Rebecca Stead, the author of our October book, When You Reach Me, had this to say in response to questions from NOBC members Chris H and EM:
A question for Ms Stead: How much did you draw on your own or friends experience when you created the character of Miranda and Sal? Or, are there other characters that you relate more closely with?
Posted by: Chris H| Monday, October 18, 2010 at 11:19 PM
When You Reach Me is set in the time and place of my own childhood (1970s New York City), and I relied heavily on memory while writing it, using all sorts of details that had been stored in my mind for years and years. Many of the characters in the book are based on actual people I knew (or still know, in some cases), although, as I wrote the story, many of these characters claimed their own personalities. I used Miranda’s voice to express what I affectionately call the “weird inner thoughts” I remember from childhood, and I absolutely identify with her most of all.
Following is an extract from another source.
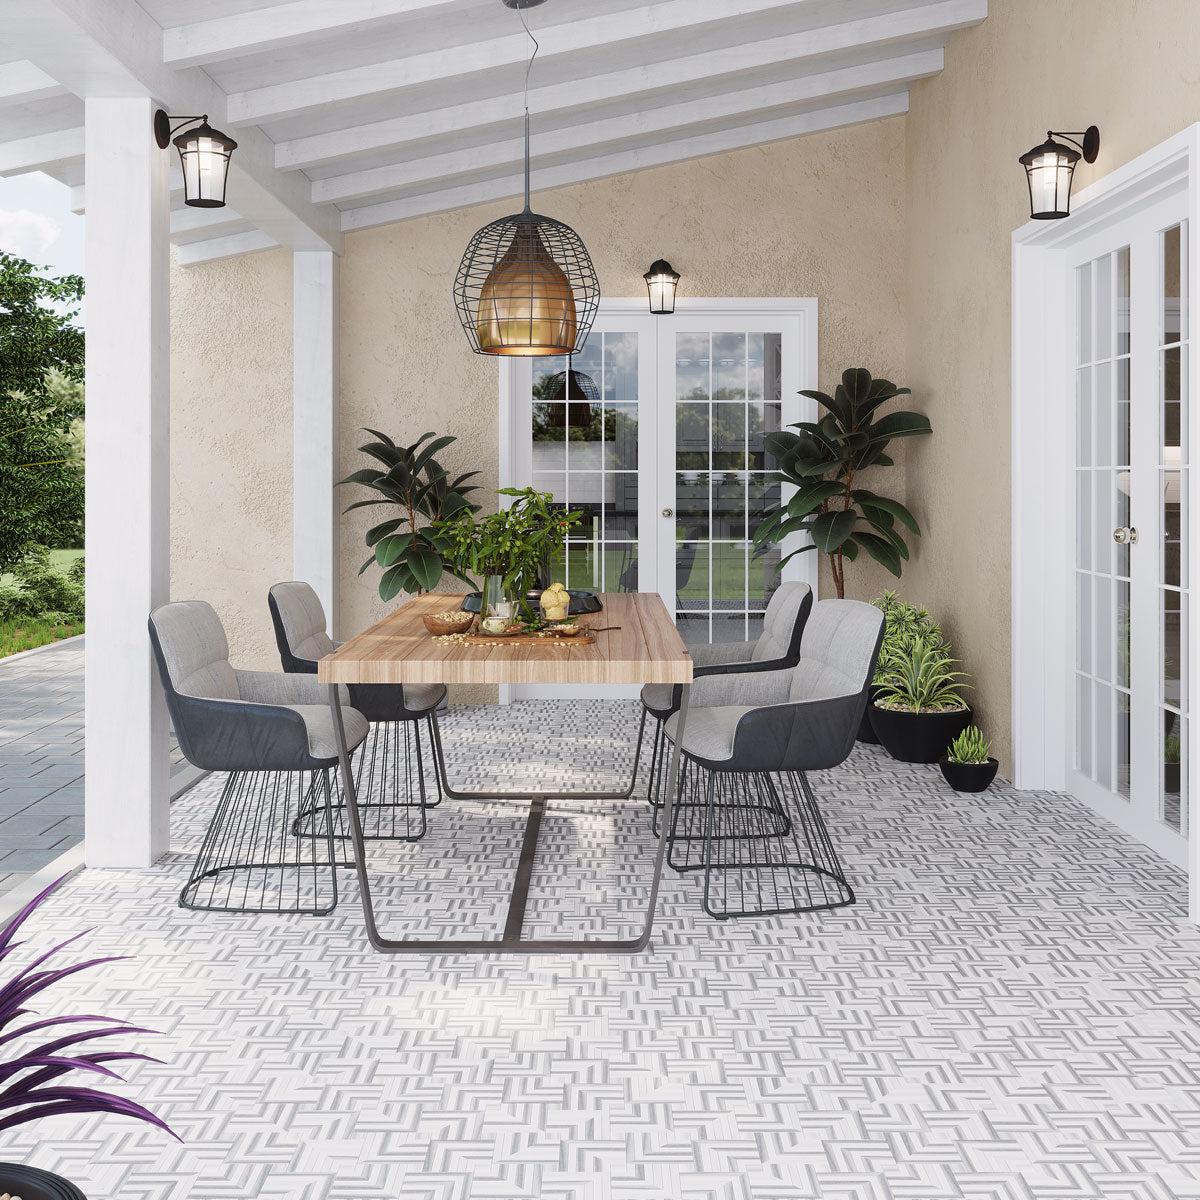 Outdoor Living Area with Square Weave Equator & Thassos Polished Mosaic Floor Tile for a Patterned Patio

Hi Ms. Stead, seems you are very interested in the scientific concept of people existing in other places and times. Have you done a lot of
research on the idea? To open up our thinking about our world, outer
space, the universe is interesting. Thanks for sharing your interests
in your books!
Posted by: EM| Tuesday, October 19, 2010 at 10:05 AM
Time travel is a fascinating subject, I think. It’s a logic game with a lot of dramatic appeal. On a scientific level, however, it goes right over my head. I did attempt some research on the subject, but lacked the basic understanding that a real discussion requires. I absorbed a couple of basic ideas, such as the notion that traveling to another time might involve a sort of “faxing” process that recreates rather than physically transports. And, in the course of writing this book, I had to resolve a basic question for myself: Can the past be changed? I think that as we get older, we ask ourselves these “big questions” less and less often, and it’s a shame.